Racket 6.4 Improves Security and Adds Incremental Garbage Collection

Racket, a multi-paradigm programming language belonging to the Lisp/Scheme family, has reached version 6.4, PLT announced. The new version adds several new features, including an incremental garbage collector (GC), and fixes a vulnerability in the web server.

Racket’s new incremental garbage collector is specifically aimed at interactive programs, which, PLT say, will benefit in responsiveness thanks to the elimination of long GC pauses. The new GC behaviour must be specifically requested executing (collect-garbage 'incremental). The reason for not having the new GC as a default lies with the fact that it tends to use more memory, due to its collecting objects more aggressively and not using compaction, and with its overall time performance, which could be slower than the older GC. So, the old behaviour is still to be preferred for batch programs, where GC pauses are not easily noticed.

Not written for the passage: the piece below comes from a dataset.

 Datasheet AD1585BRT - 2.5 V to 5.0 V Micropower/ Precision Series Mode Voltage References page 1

As mentioned, Racket 6.4 also fixes a serious security vulnerability in the web server, triggered by serving static files. The vulnerability make it possible to access files located on a machine running Racket’s web server and affects also Racket versions previous to 6.0. Besides fixing the vulnerability in 6.4, PLT also provides a package to patch web-server-lib for Racket 6.0+. PLT also mentions that it is possible to patch previous versions of Racket.

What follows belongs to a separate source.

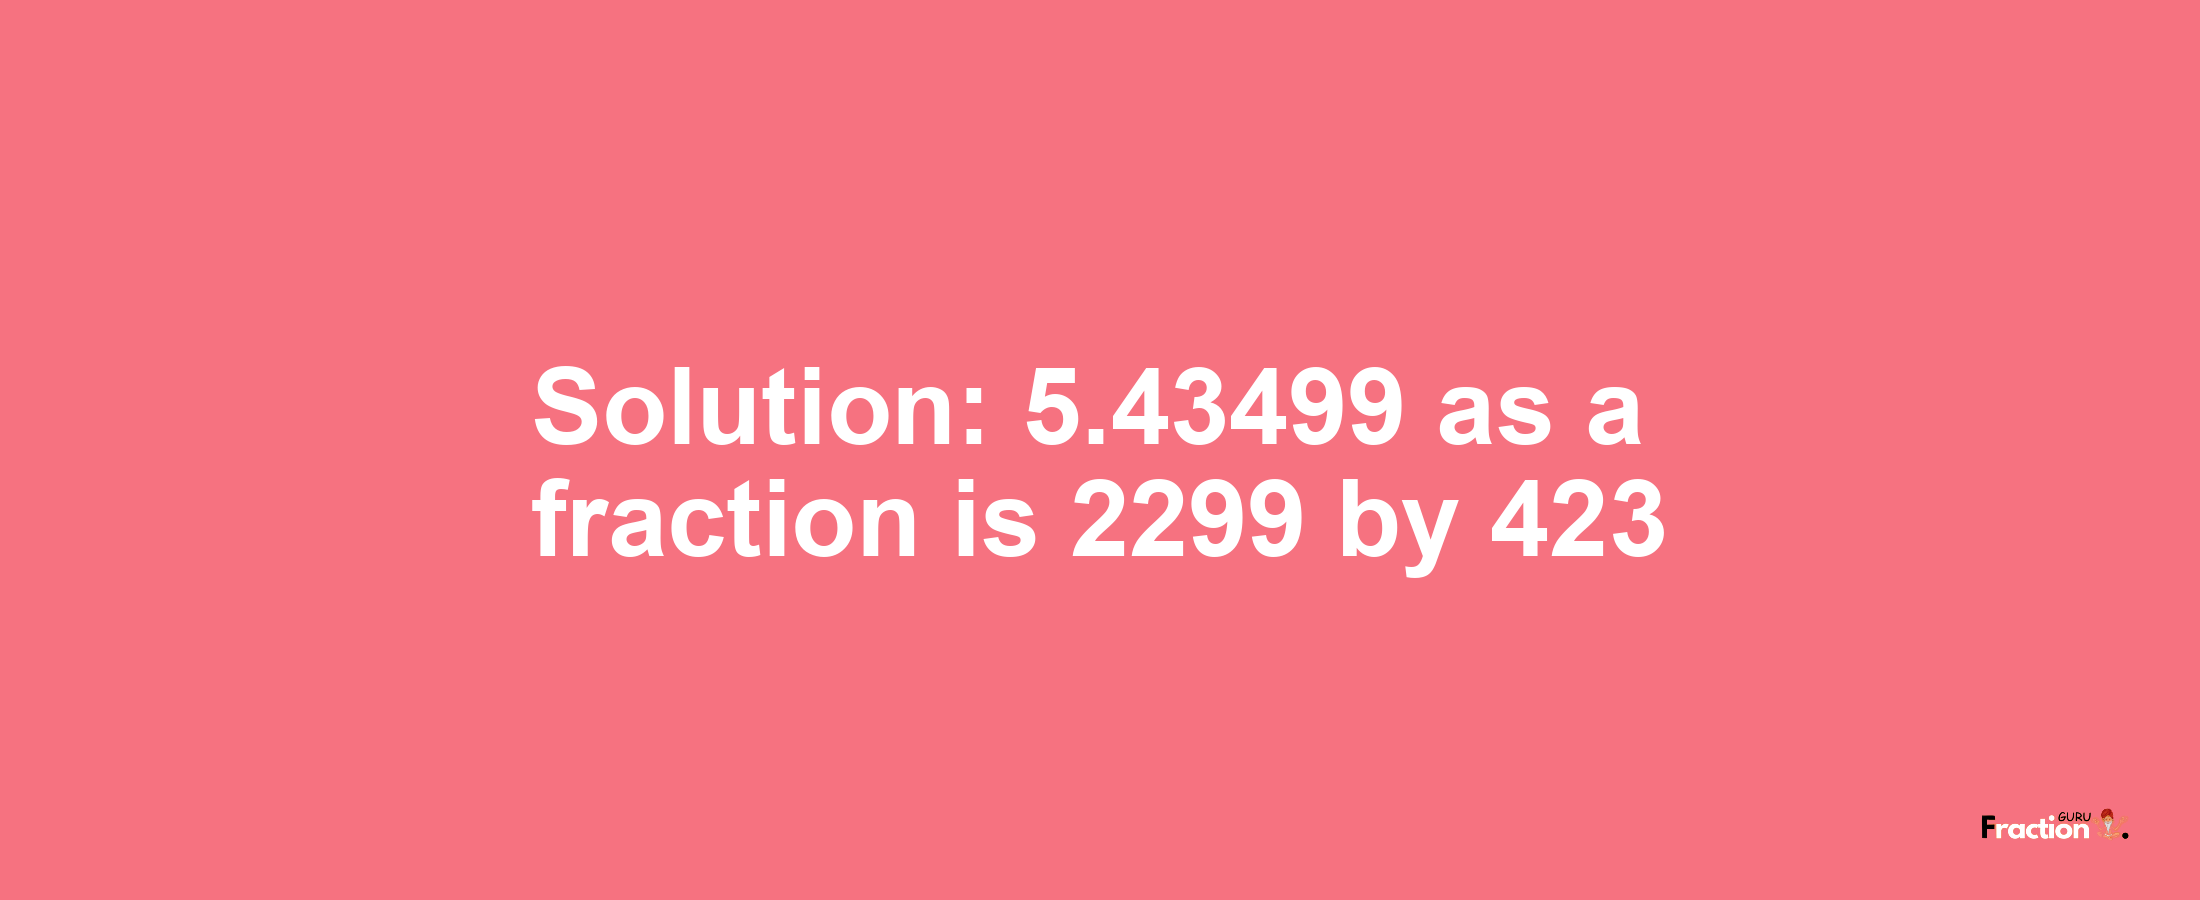 Solution:5.43499 as a fraction is 2299/423

Other improvements to the language are in the area of Typed Racket, which generates now more permissive contracts for Any type, thus reducing the number of contract errors in typed/untyped programs. Furthermore, the Redex DSL, aimed to specify and debug the operational semantics of formal languages, now supports scoped binding of specifications. You can read the full list of changes in PLT announcement.

Racket is released under the LGPL license. One of its design goals is to serve as a platform for language creation, design, and implementation. The language is used in a variety of contexts such as scripting, general-purpose programming, computer science education, and research.